:: Entries shown
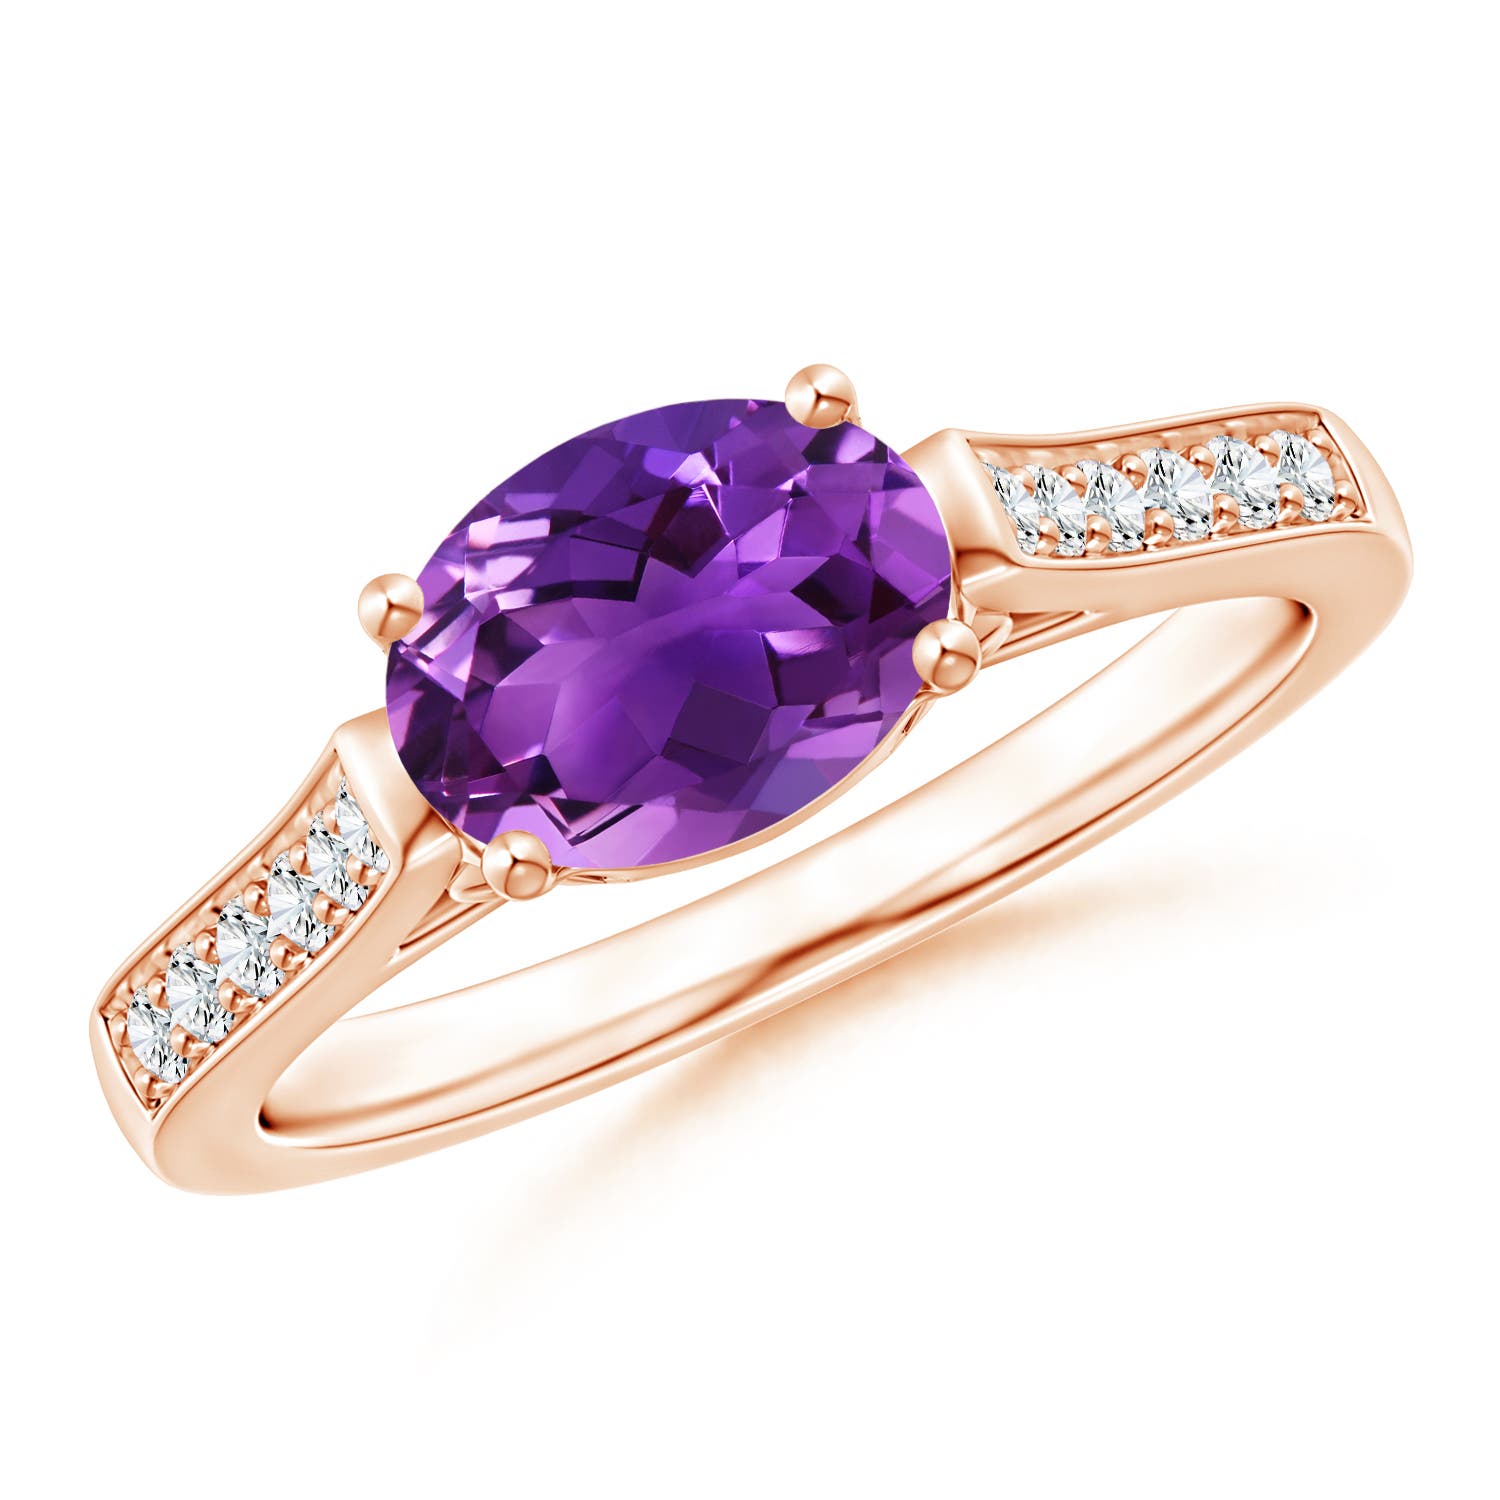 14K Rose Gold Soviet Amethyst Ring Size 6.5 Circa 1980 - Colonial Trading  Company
::::
:: Entries shown
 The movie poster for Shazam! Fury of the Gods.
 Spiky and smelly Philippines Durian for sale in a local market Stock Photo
::::
:: Entries shown
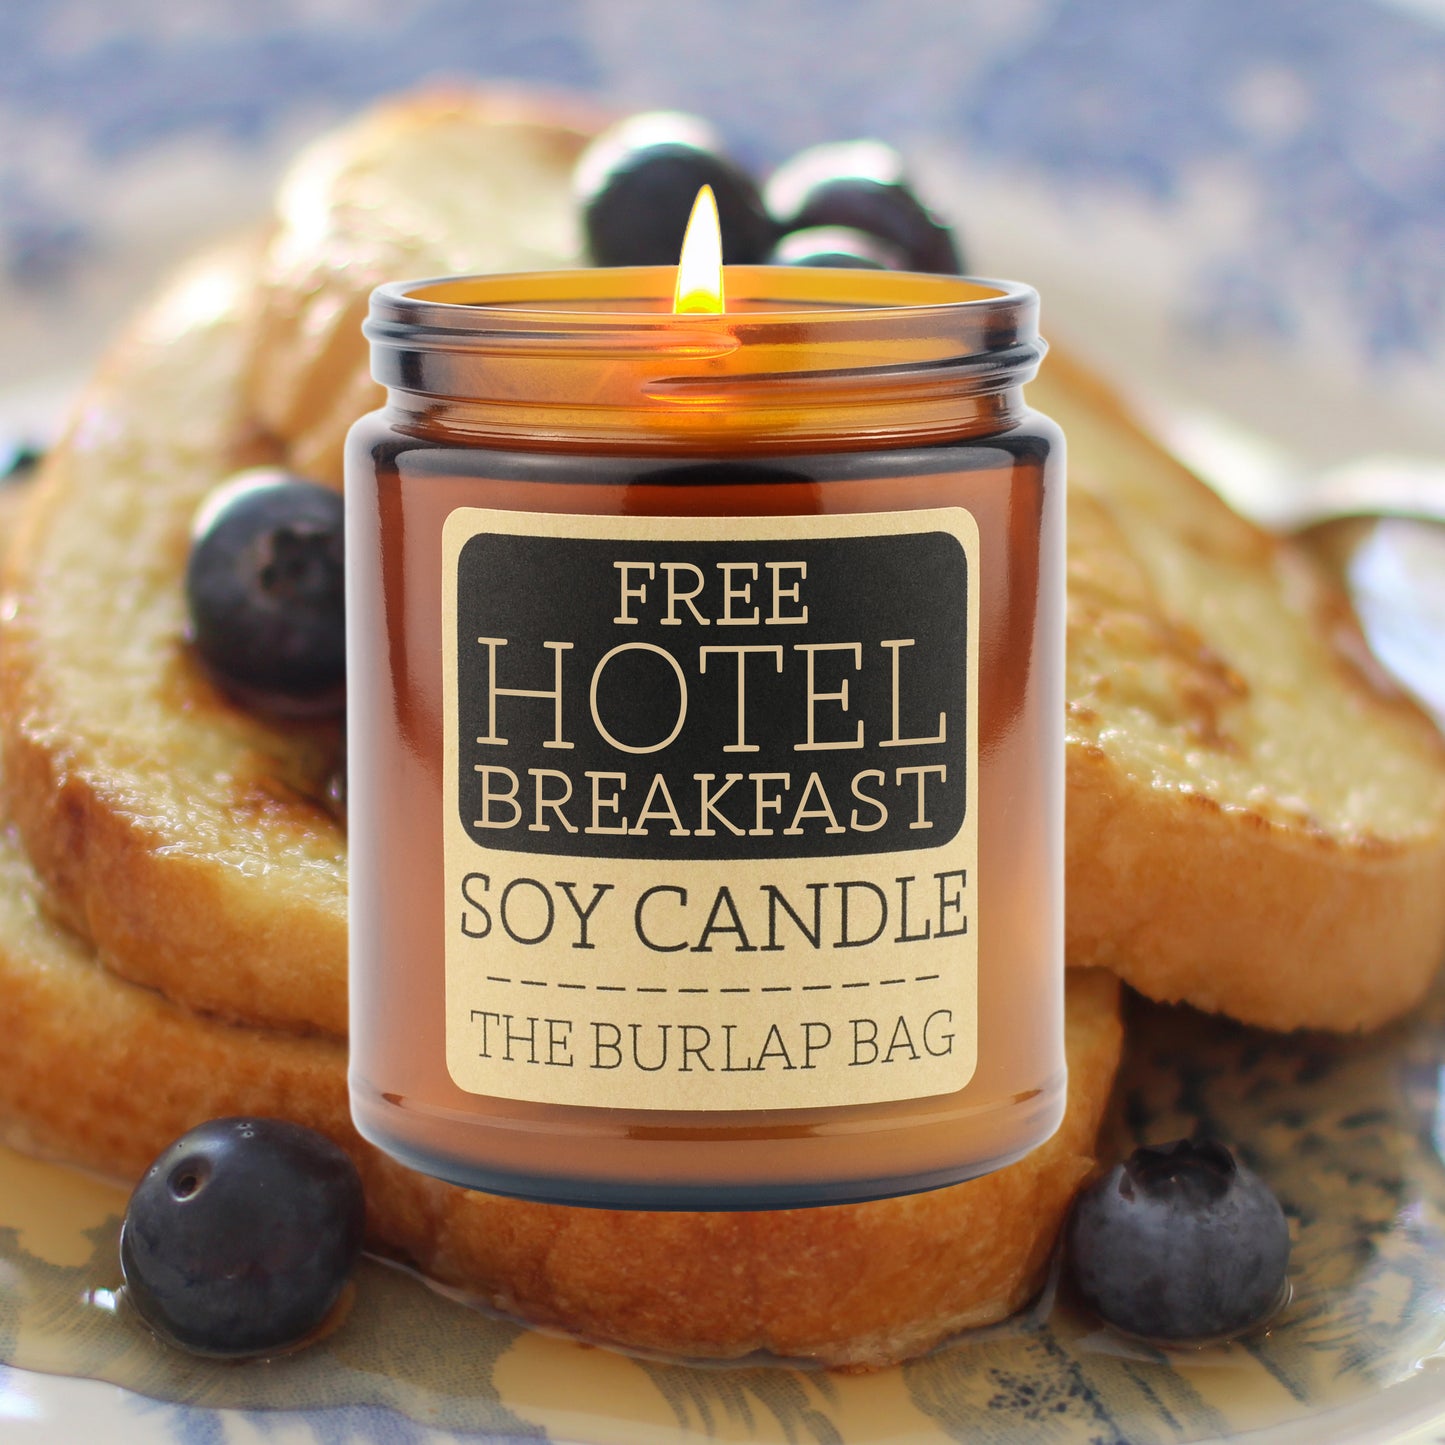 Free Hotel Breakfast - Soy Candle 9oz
::::
§ **Exercise instructions**
Copy word for word the stretch of entries above from the line that has "The movie poster" through the line that has "Spiky and smelly", both ends included, and nothing outside it.

§ **Response for this exercise**
 The movie poster for Shazam! Fury of the Gods.
 Spiky and smelly Philippines Durian for sale in a local market Stock Photo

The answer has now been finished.